Dr. Maureen Vidrine: Teaching Clinician
Brenau’s Doctor of Nursing Practice program has changed Maureen Vidrine’s approach to nursing for good. The program’s focus on evidence-based practice made Vidrine, she insisted, more focused on applying the latest nursing research to clinical challenges she encounters among her patients.
“The skills and habits we learned were not just for getting a good grade or getting that paper done. They were a change for good,” she said.

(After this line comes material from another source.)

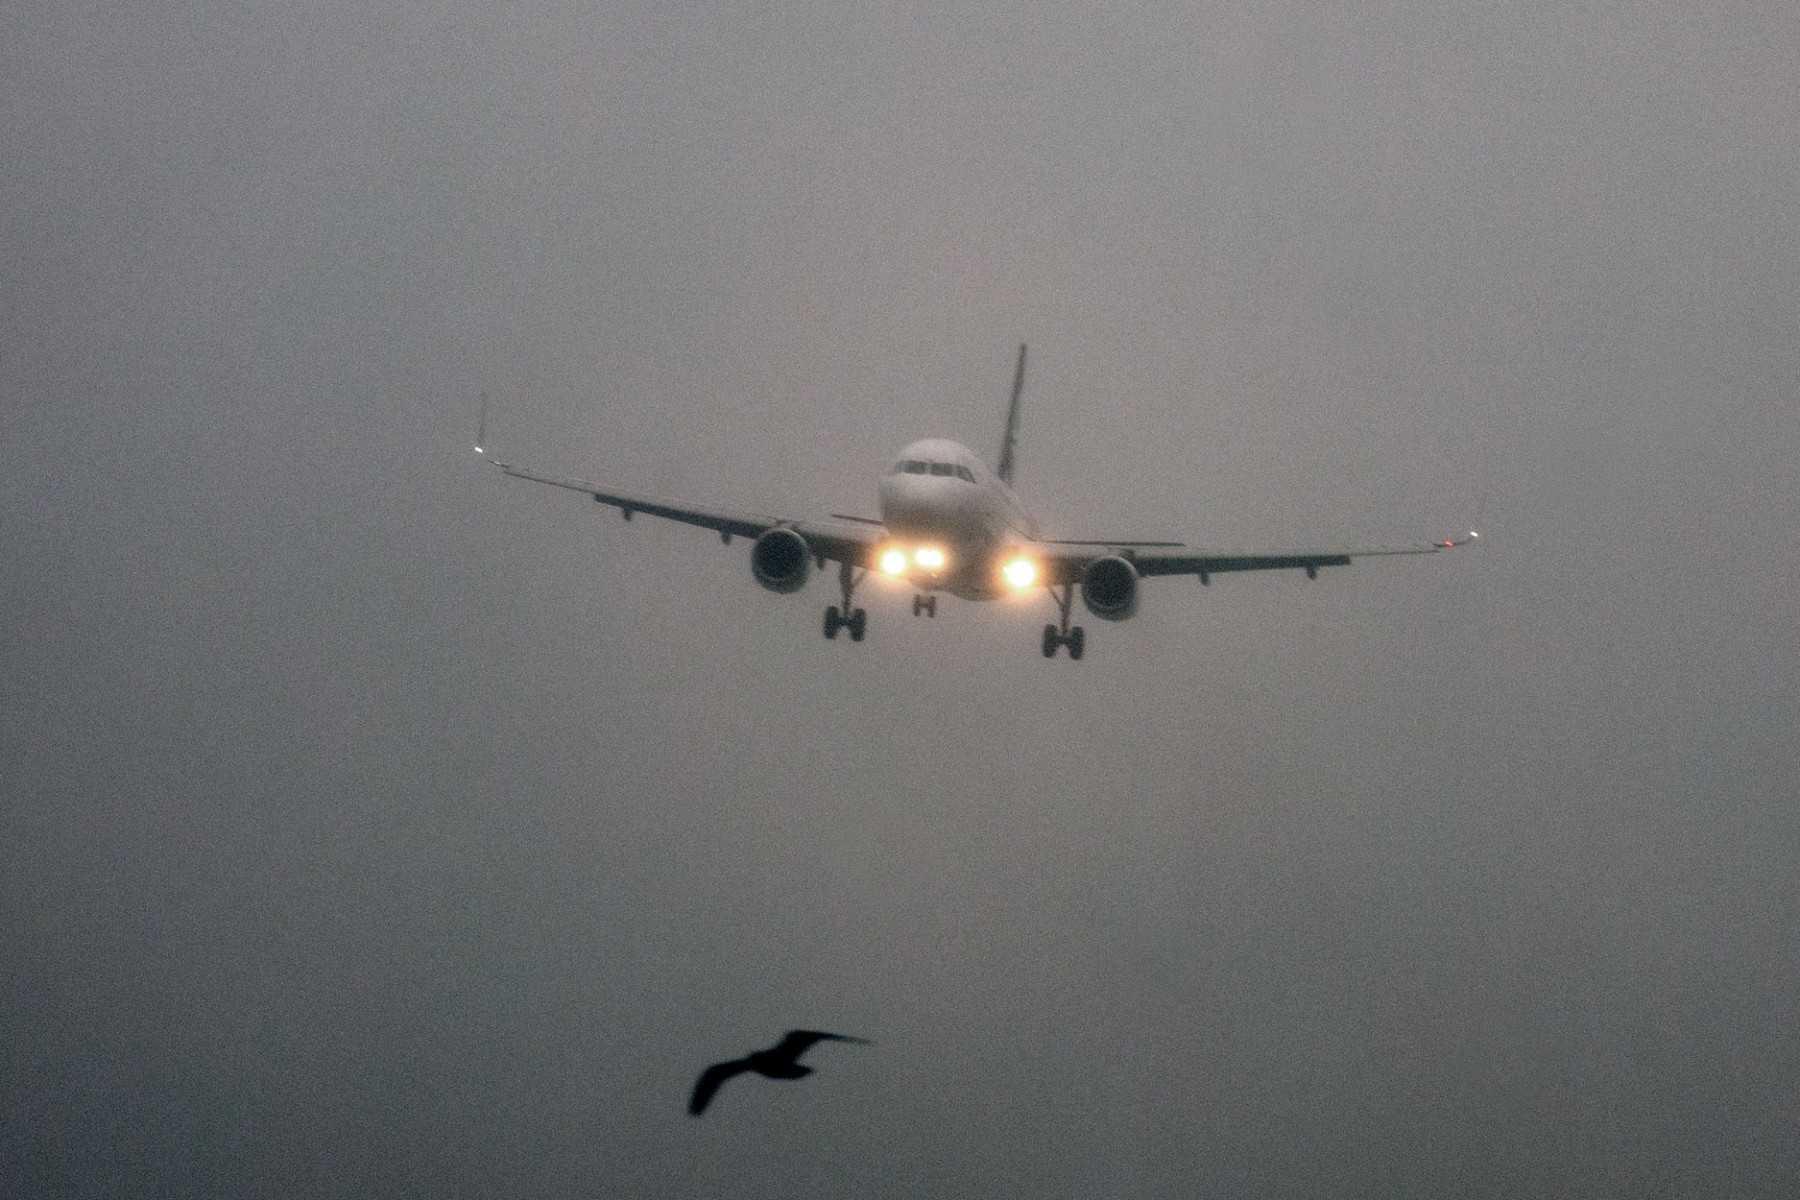 An Air New Zealand A320 aircraft prepares to land amid strong wind and rain during a storm at the airport in Wellington on Aug 8. Photo: AFP

Vidrine, from Monroe, Georgia, entered the DNP program already a part of academia. After earning her bachelor’s degree from Emory University and her master’s degree at Georgia State University, she has split her time between treating patients and teaching undergraduate nursing students, both with a focus on mental health. She began teaching at Brenau in 2007. Currently, she teaches a behavioral health nursing course for undergraduate nursing students. The course features student teams’ clinical case presentations of actual clients cared for in clinical settings.
“I’m a clinician who likes to teach,” she said.

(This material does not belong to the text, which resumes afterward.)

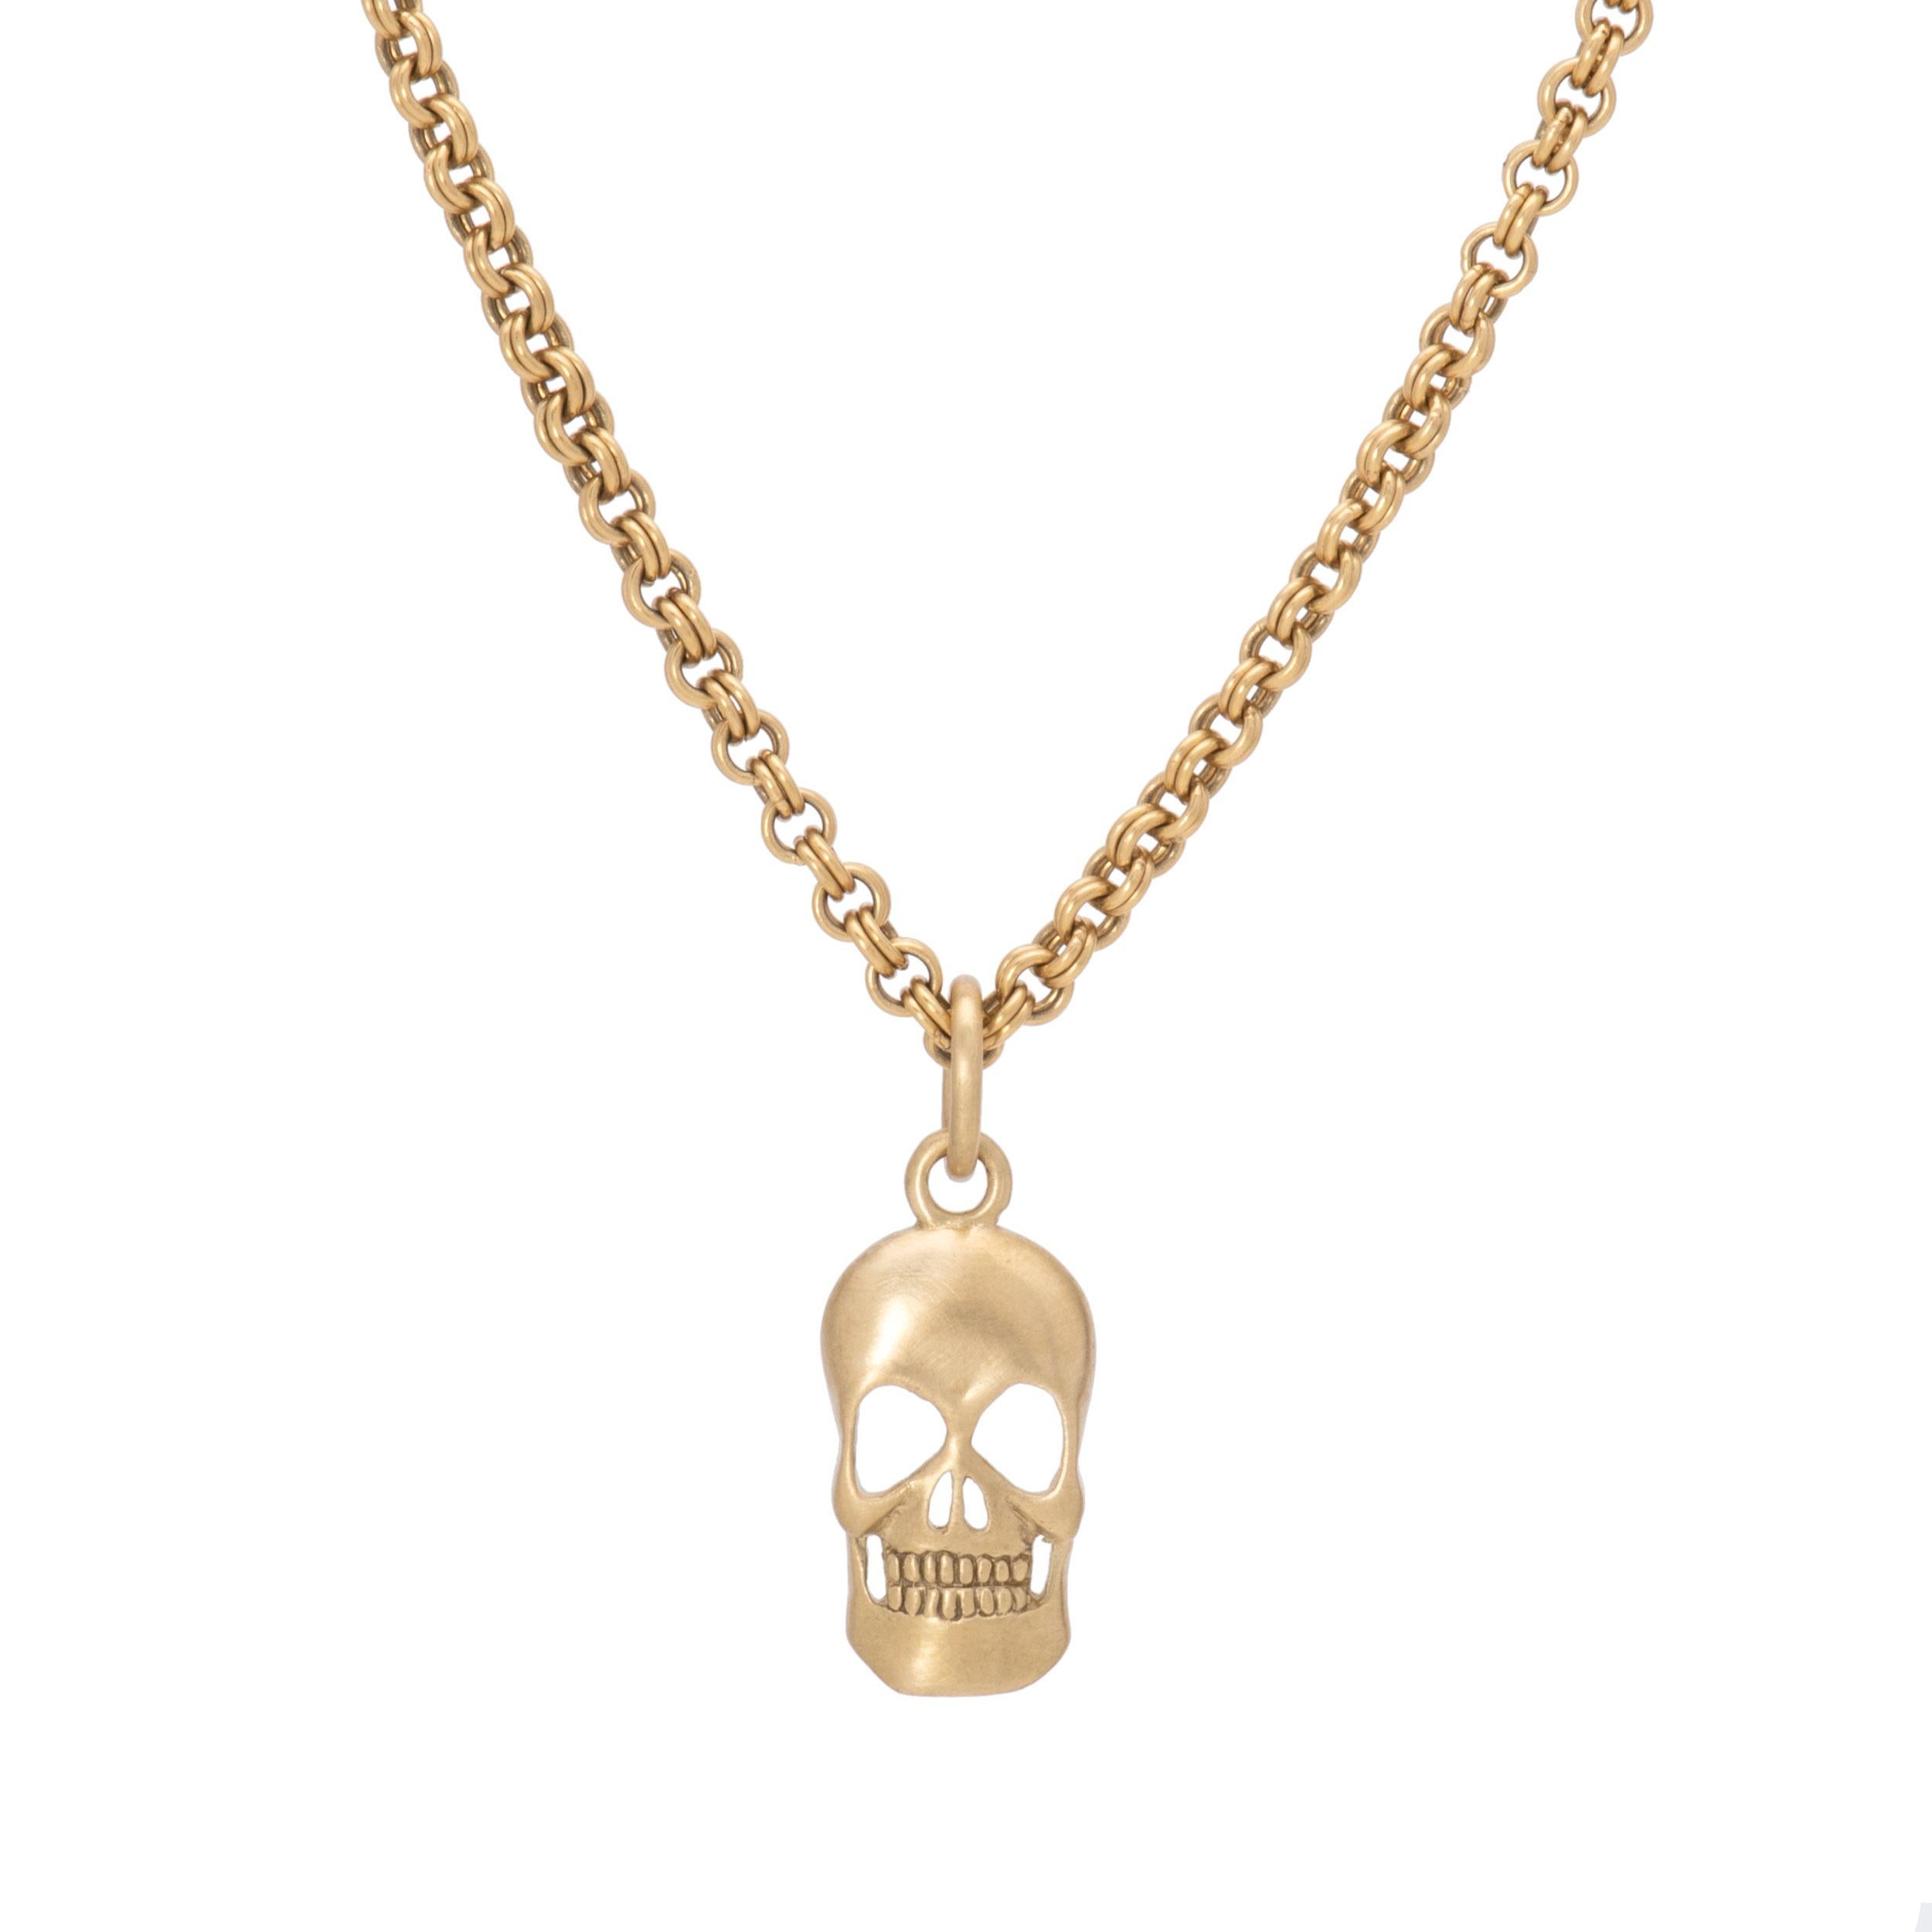 Our Skull Pendant in 18 karat gold is hand crafted in our studio with our signature satin finish offering a lustrous take on a classic. The curved form of our skull pendant reveals a 3 dimensional perspective with a stippled finish in the back. At

Vidrine used her capstone project as an opportunity to combine her dedication to teaching and mental health. She worked with a treatment team at a mental health community center in Covington, Georgia, to provide education about the effects of trauma and maltreatment on the developing brains of children and how that neurological impact can affect children’s behaviors.
“These are children in our communities, in our public schools, in our social service offices,” she said. “The treatment team really needed to understand at the neural level what was responsible for some of the behaviors they were seeing. Often those behaviors are misunderstood or misinterpreted.”
With the DNP in hand, Vidrine plans to continue teaching and to focus on another passion: equine-facilitated psychotherapy. Vidrine is the director and chief psychotherapist of Horse Time, a Covington-based program that uses horse-human interaction for healing, wellness and growth. She said the DNP focus on making research a part of the daily practice of nursing has permanently altered her approach to patients.
“I have a lot of gratitude for the incredibly rich educational experience I got in the program,” she said. “It was a once-in-a-lifetime opportunity.”